Bravo Mr President, we need more of this so as to empower us to understand more the ecosystem in which our country operates. I now turn to the social media responses to the presidential address, most of which I find extempore, surreal and unreasonable. A number of those responding to the President’s address had issues with his referring to the 1986 as his reference point.

Where is the problem with this? Year 1986 is just yesterday with regard to nation building. Yes, the President has to continue mentioning 1986 as this is when our country had reached the worst you can ever imagine in all spheres of socio-economic matters. I imagine our friends in Opposition would not want our young people to know what happened then because they are stuck with the maniacal narrative that it is Museveni who has destroyed everything in Uganda.

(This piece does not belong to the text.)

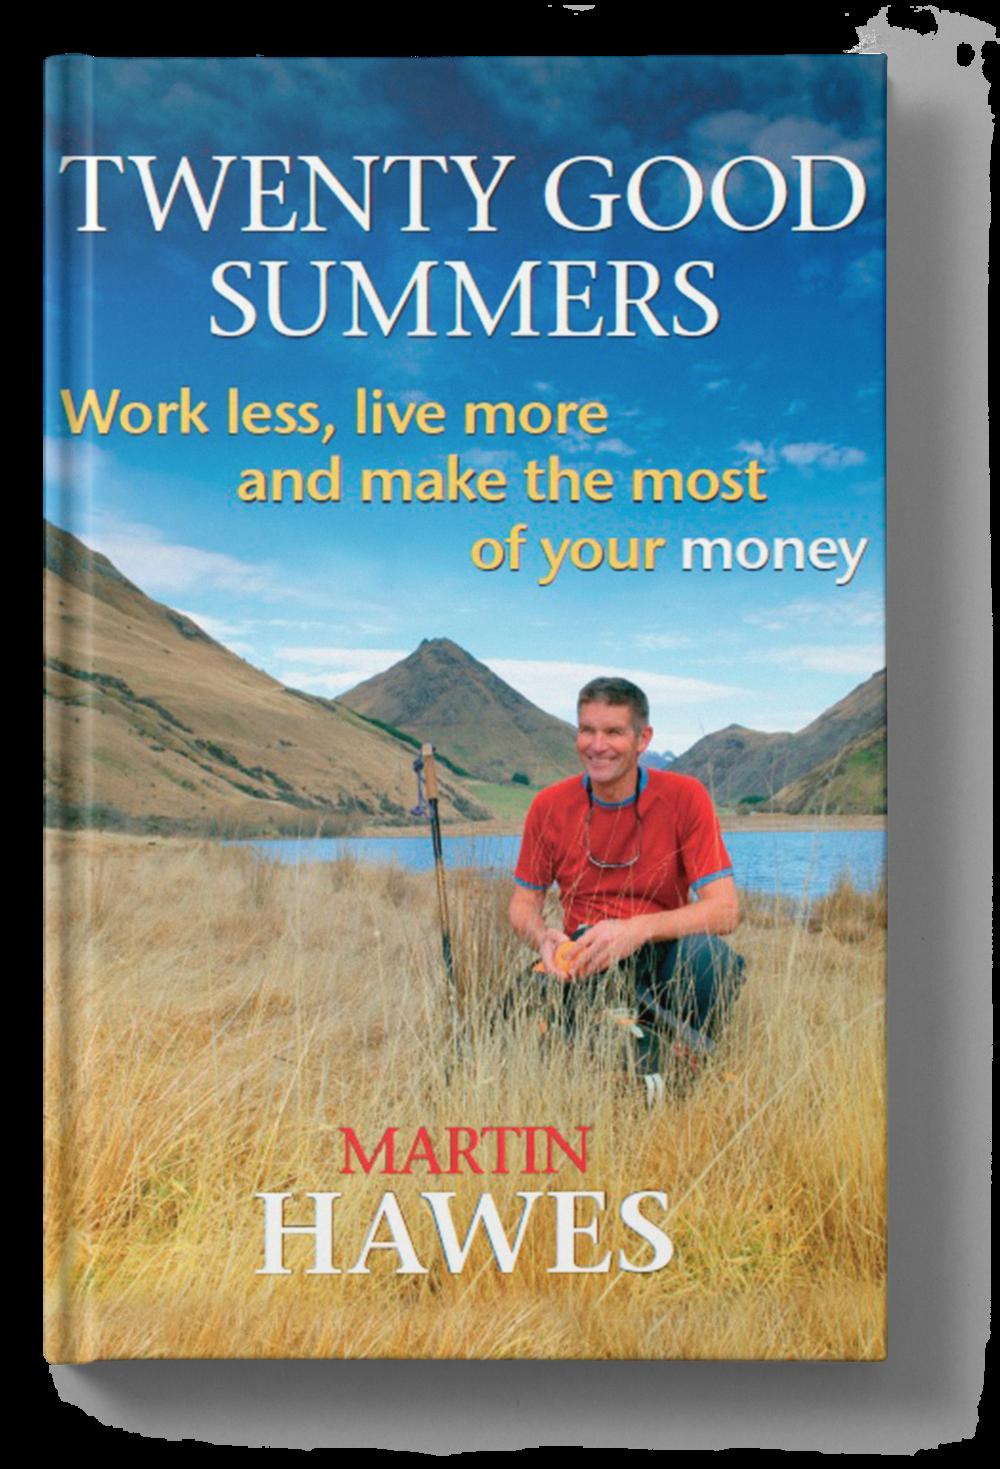 Twenty Good Summers - Martin Hawes
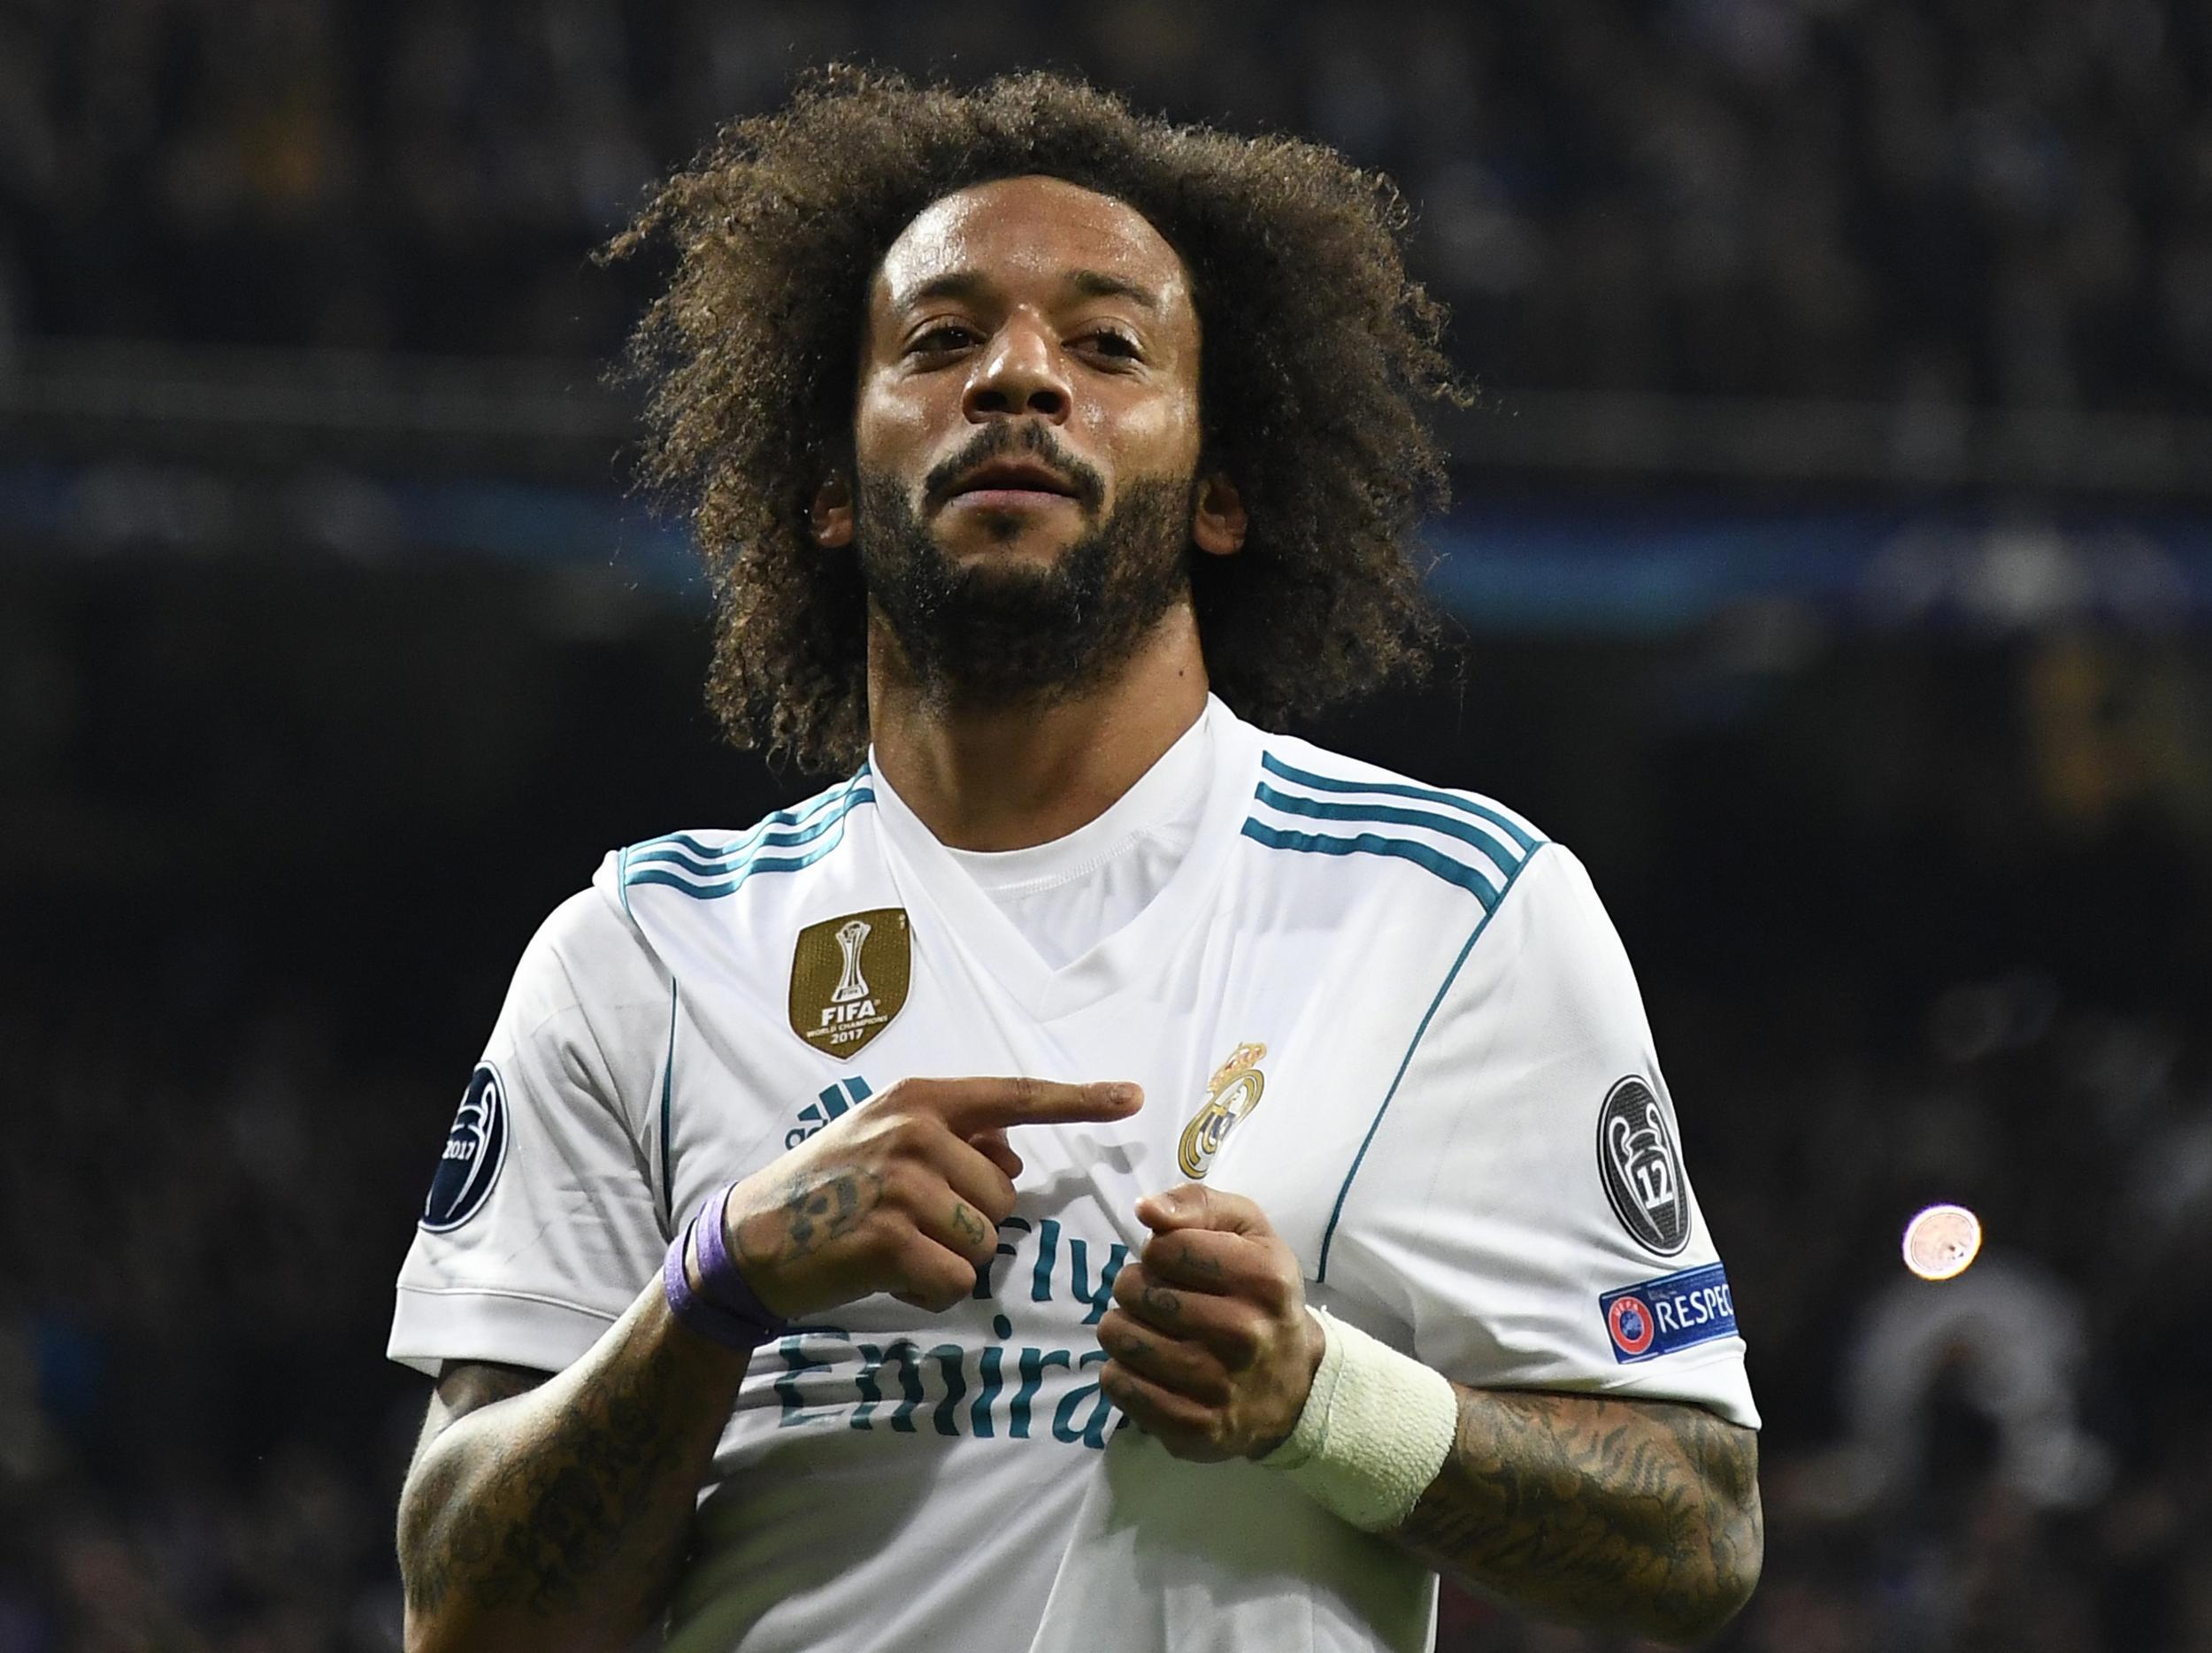 69. Marcelo

By 1986, the economy was contracting, inflation in three digit galloping mode, balance of payment in the worst shape ever and absolute poverty biting nearly all. This is where NRM found Uganda and there cannot be any success story or failure to be told without first referring to this period.

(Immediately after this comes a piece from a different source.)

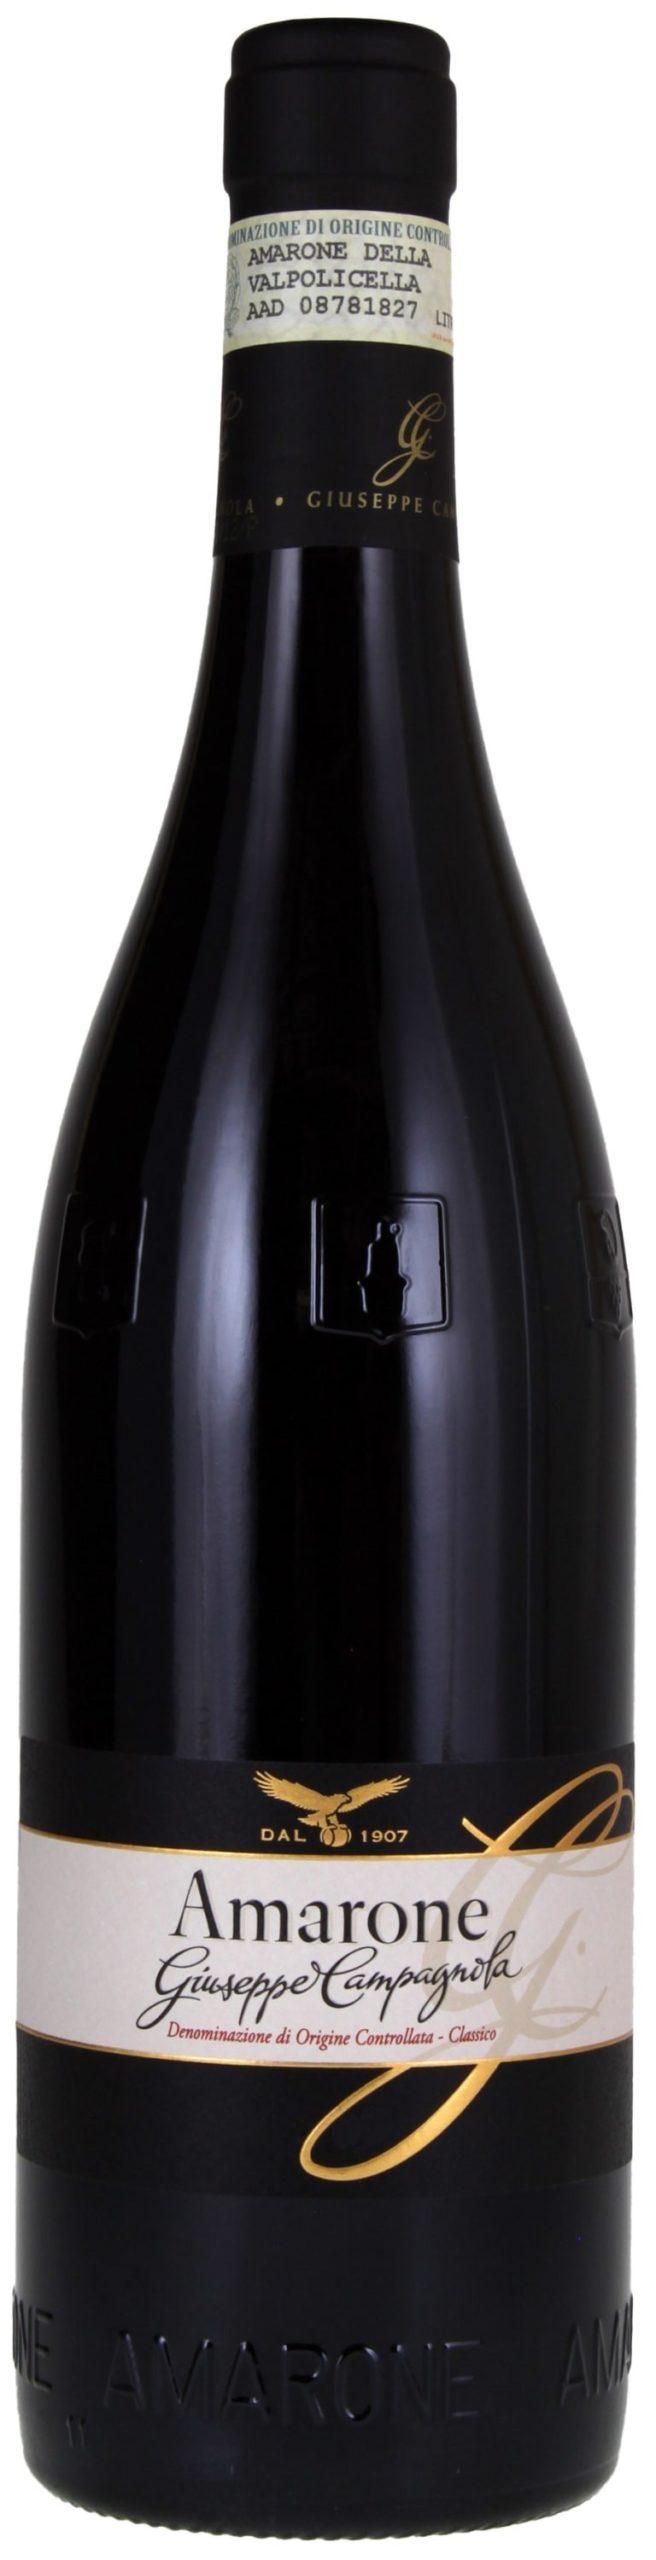 Campagnola Amarone della Valpolicella Classico 2016 dessert wine

Other interesting responses were on the issue of corruption. To some of our young people responding to the President’s address, it was as if what the president said meant that this was his first time to take some measurers to fight corruption. We can help. Corruption, as the President clearly put it, is a strategic bottleneck to development. All efforts should be directed towards the fight of this menacing problem. The anti-corruption Unit in the State House and the telephone numbers the President provided is another front to assault this problem.

What we have to appreciate is that fighting corruption is mainly a transactional matter requiring concerted efforts of nearly all facets of the government and institutional collaboration. The core institutions of government, that is the State (Executive), rule of law (Judiciary) and legislative (Parliament), should work in tandem.

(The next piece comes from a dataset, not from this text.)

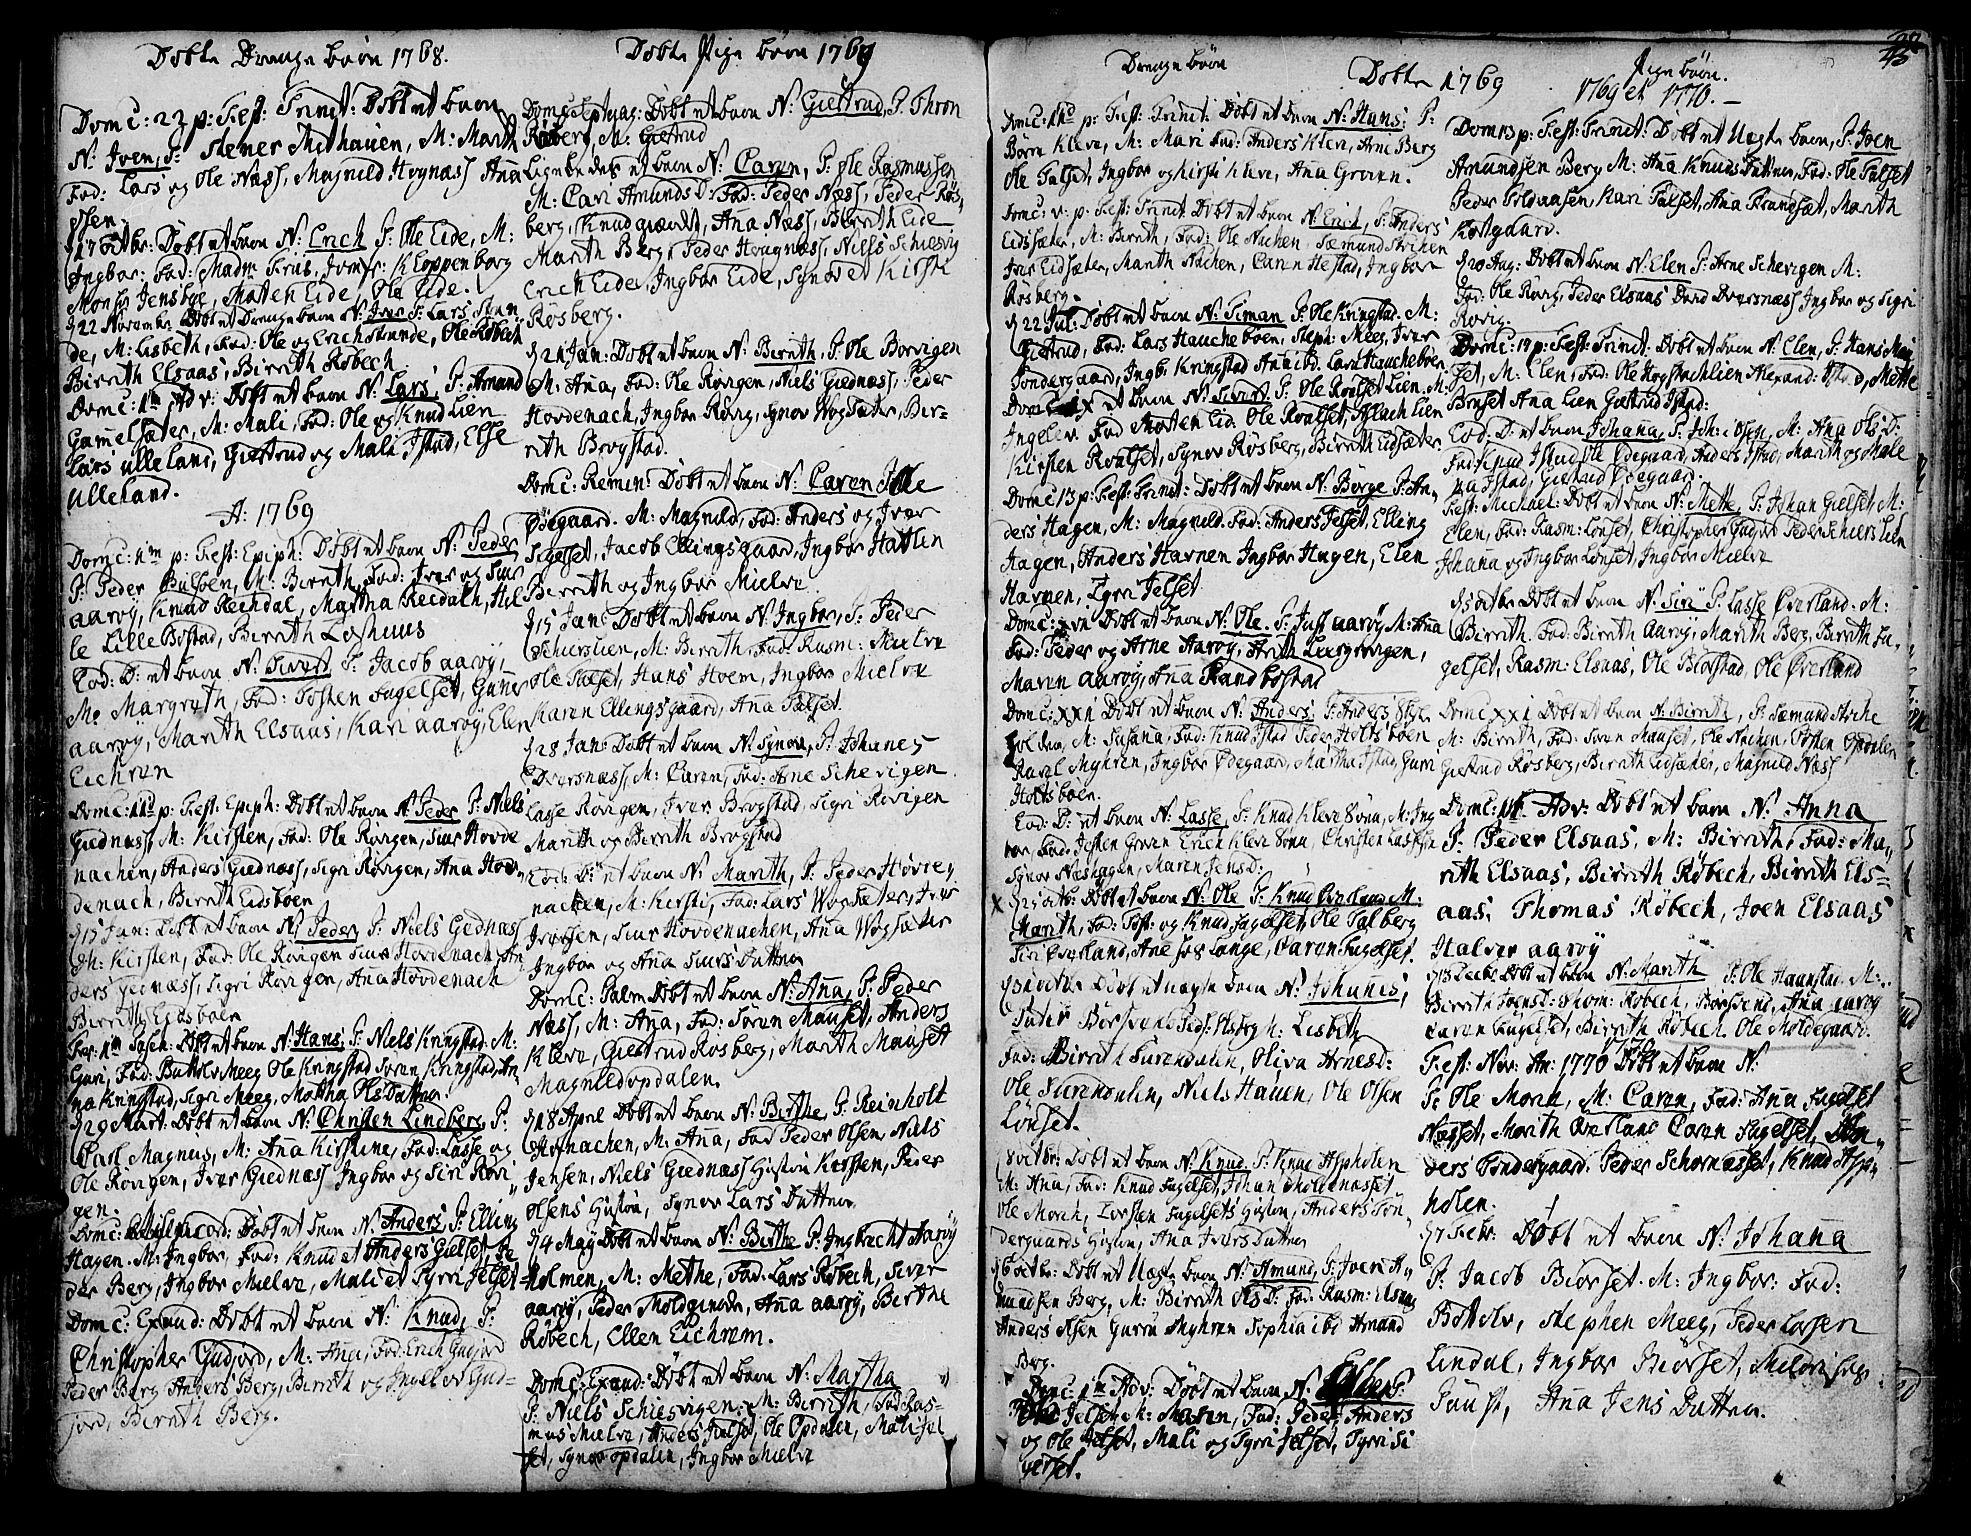 SAT, Ministerialprotokoller, klokkerbøker og fødselsregistre - Møre og Romsdal, 555/L0648: Ministerialbok nr. 555A01, 1759-1793, s. 45

We see a dedicated Parliament taking on its oversight role aggressively, the Executive has put up several measures to improve transparency and accountability frameworks-and loopholes identified in public finance management are handled as they appear.
What remains, in my view, is the sharpening of the investigative capacities of the police and sensitisation of our communities to be aggressive in the fight against corruption. We should note, however, that corruption in Uganda is older than all the institutions that are supposed to fight it. Secondly, corruption had at one point reached a level where society had accepted it as the normal way of doing things.

I have always told a story of how I was personally scoffed at in my area. A colleague of mine built for his parents, one year after he had started work, a palatial home when mine were still in a hut.

According to the community, I was the bad boy who did not care about my parents. Nobody at that time had the audacity to ask how this diploma holder, who had worked only for one year, had gotten the money to buy off the whole neibourhood, own a fleet of vehicles and other properties.

Today, because of the change in attitude, I am happy when I see people put on inquiry when one accumulates unexplained wealth: This is the beginning of the fight against corruption. Taking the fight in the Executive office (State House) is complementary to other efforts.

Then came the issue of youth unemployment. The President’s explanation with regard to the nexus between improved health services (immunisation), population growth and unemployment was the most misunderstood-deliberately tough, I imagine, because the President was crystal clear.

The social media respondents on this matter seem not to know that this nexus exists. Do our people really read - most shockingly some of these are leaders. Population is a supply factor whilst economic situation is a demand factor in the labour market. An imbalance between the supply of labour and the demand for it gives rise to unemployment and underemployment.
It is a known fact that during the demographic transition, that is the transition of the population from high birth and death rates to lower birth and death rates, the resultant effect is high population growth.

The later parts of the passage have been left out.